== DATA EXTRACT ==
>>>>>
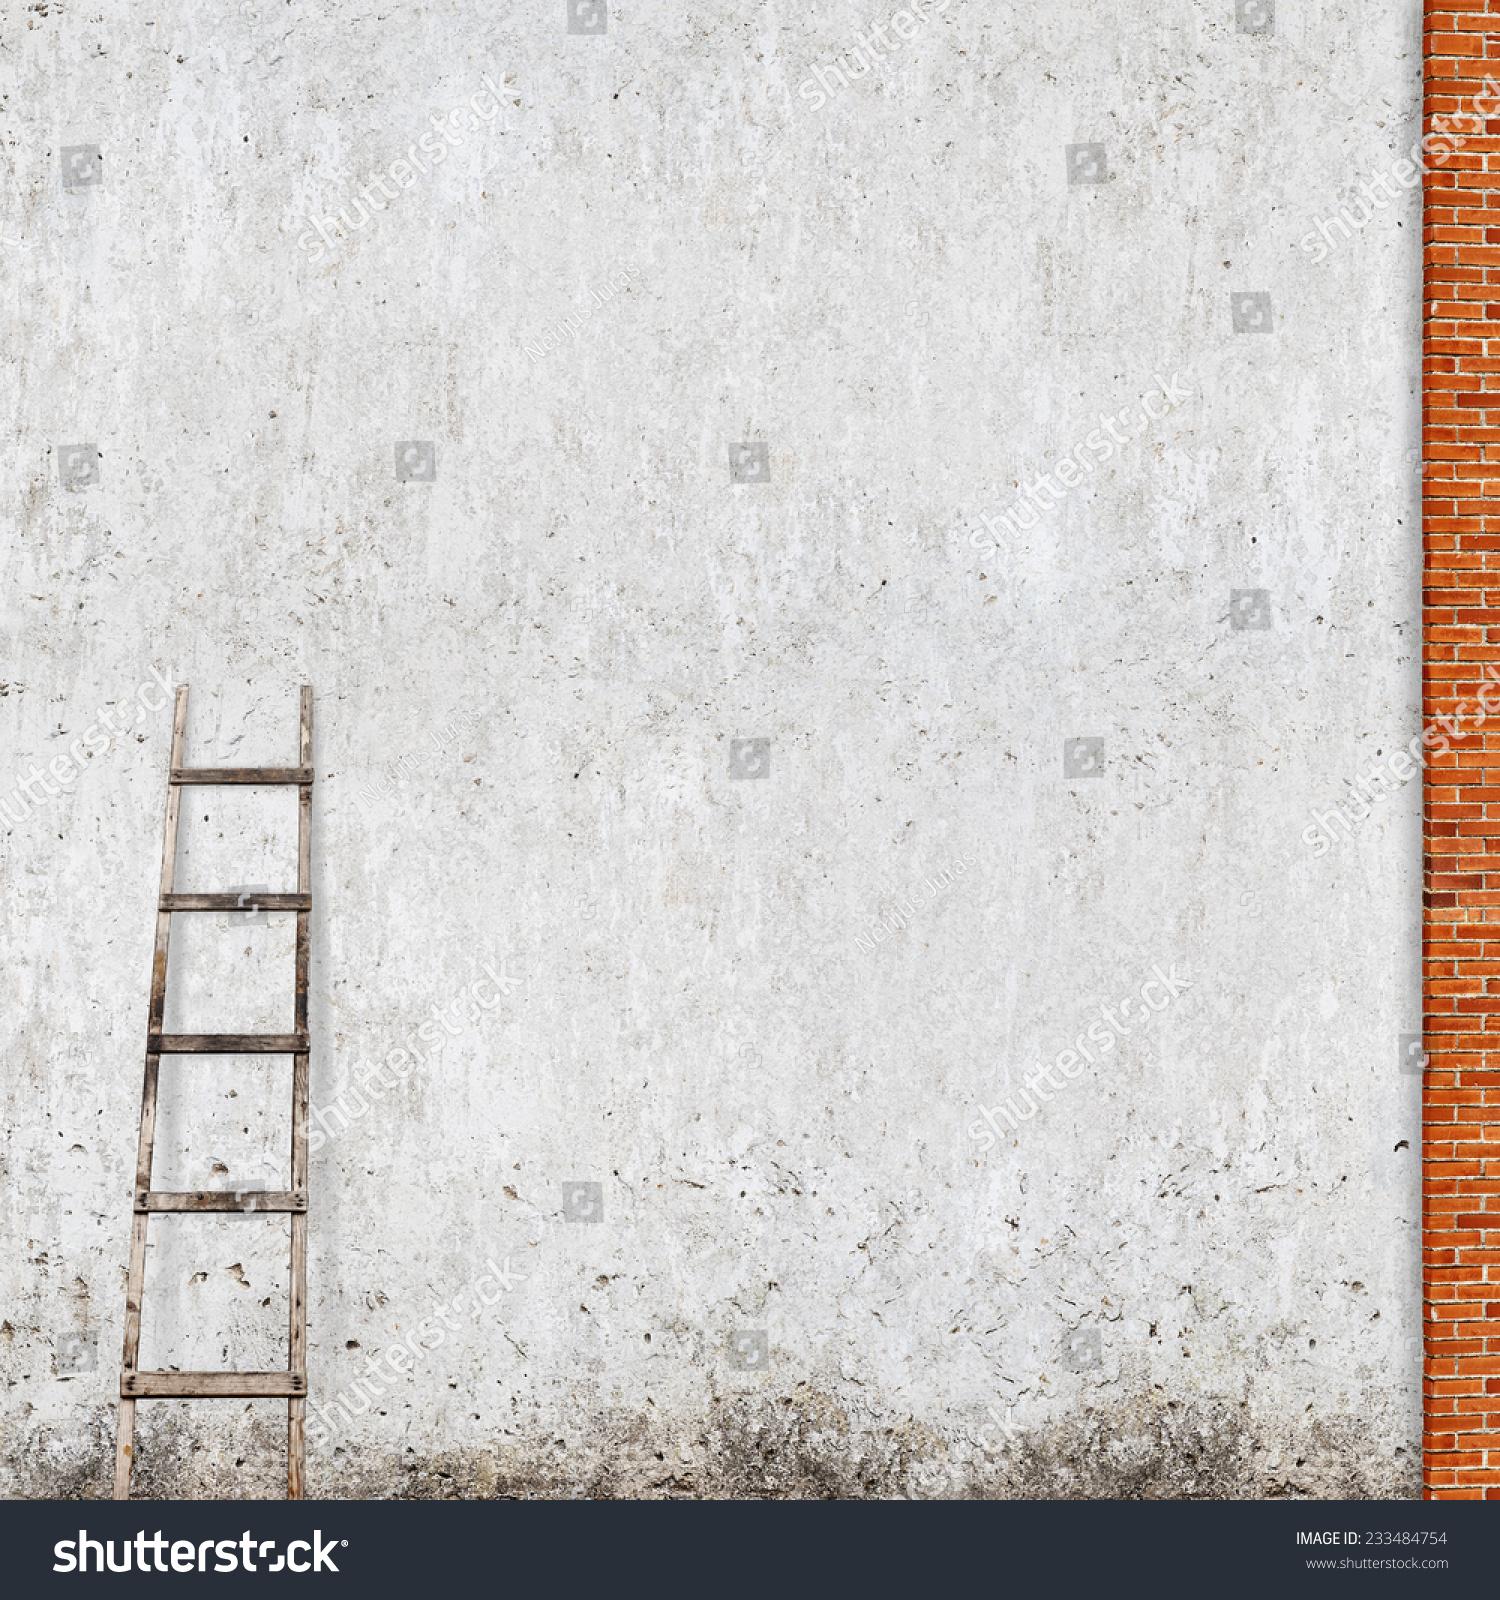 Stucco On Frame : Weathered stucco wall red brick frame stock photo
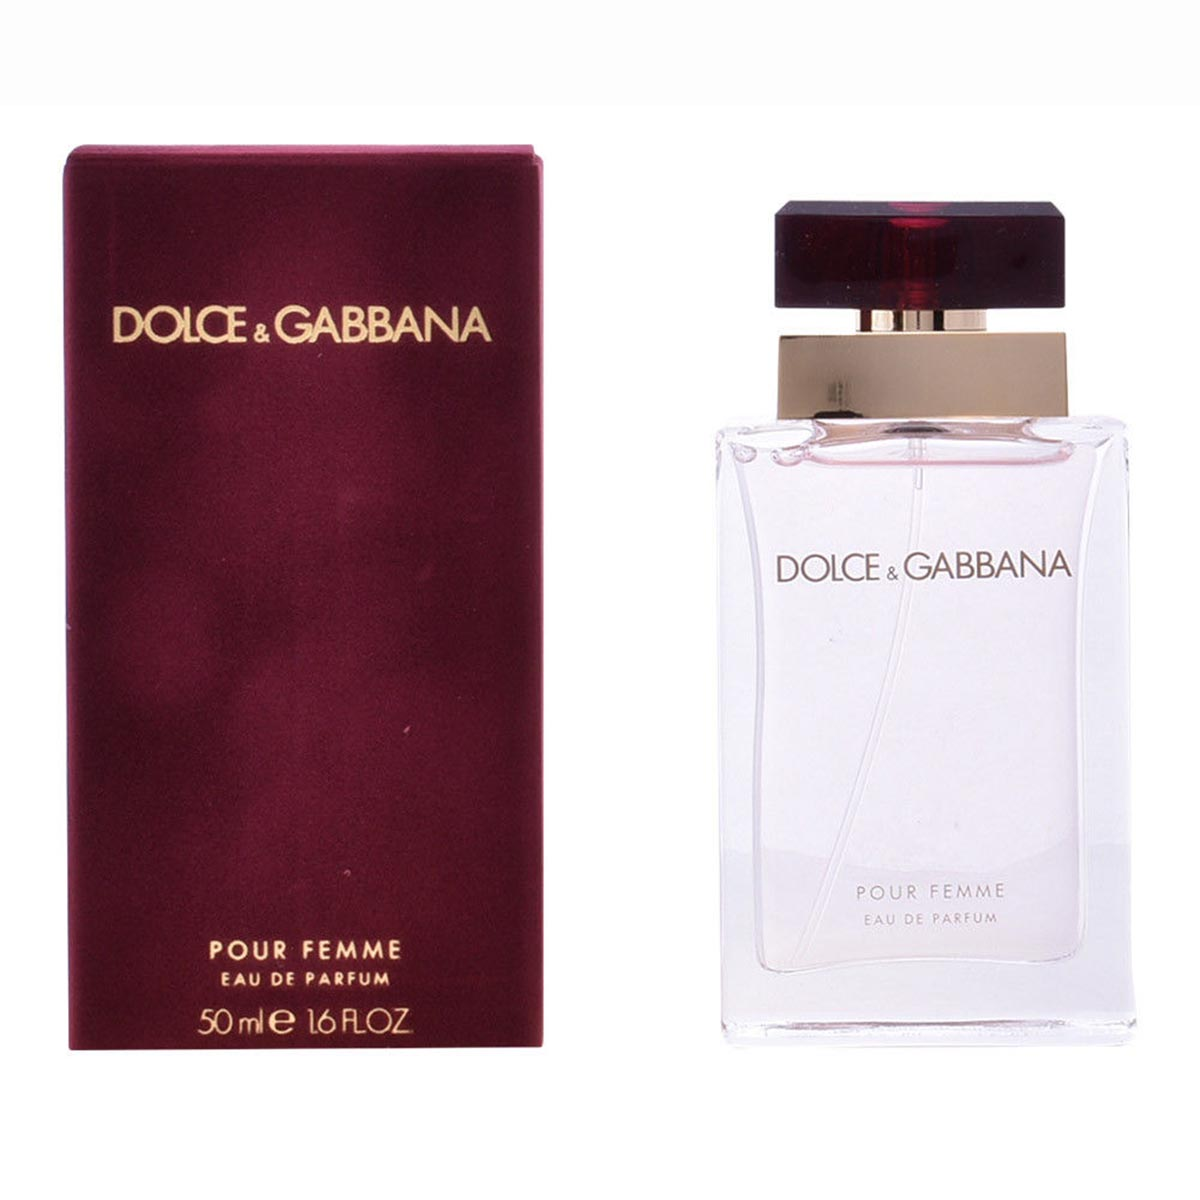 Dolce gabbana dolce gabbana pour femme eau de parfum 50ml vaporizador
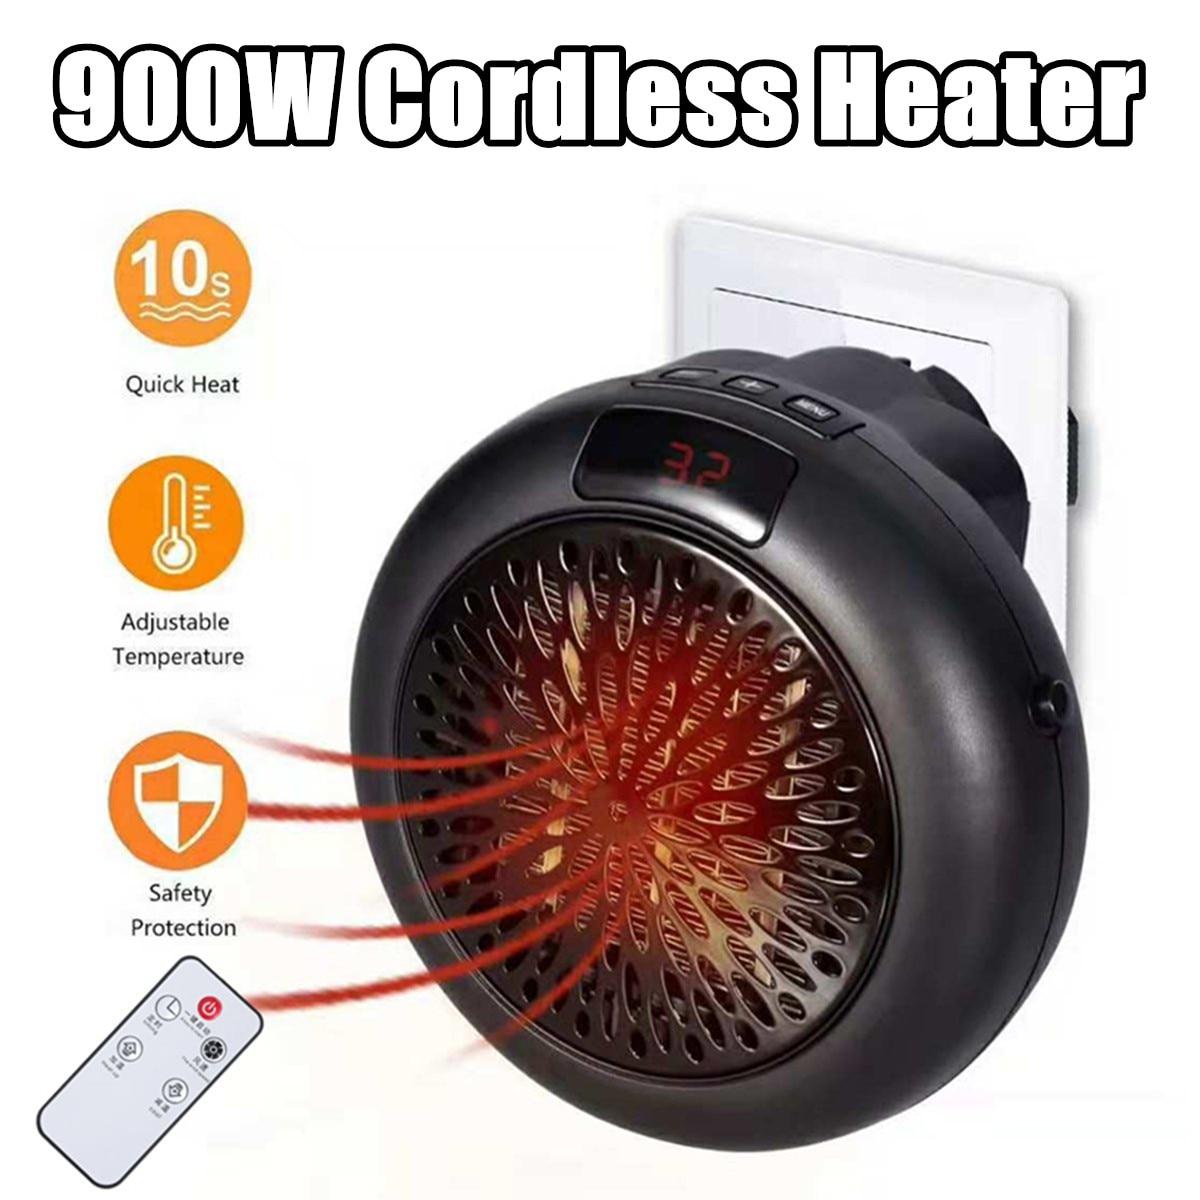 900W Electric Heater Mini Fan Heater Desktop Household Wall Handy Heating Stove Radiator Winter Body Warmer Ceramic Machine
<<<<<
== YOUR INSTRUCTIONS ==
Emit an exact copy of the lines from the line bearing "Dolce gabbana dolce" through the last line above, inclusive, and leave the images out.

== SOLUTION TO THE PROBLEM ==
 Dolce gabbana dolce gabbana pour femme eau de parfum 50ml vaporizador
 900W Electric Heater Mini Fan Heater Desktop Household Wall Handy Heating Stove Radiator Winter Body Warmer Ceramic Machine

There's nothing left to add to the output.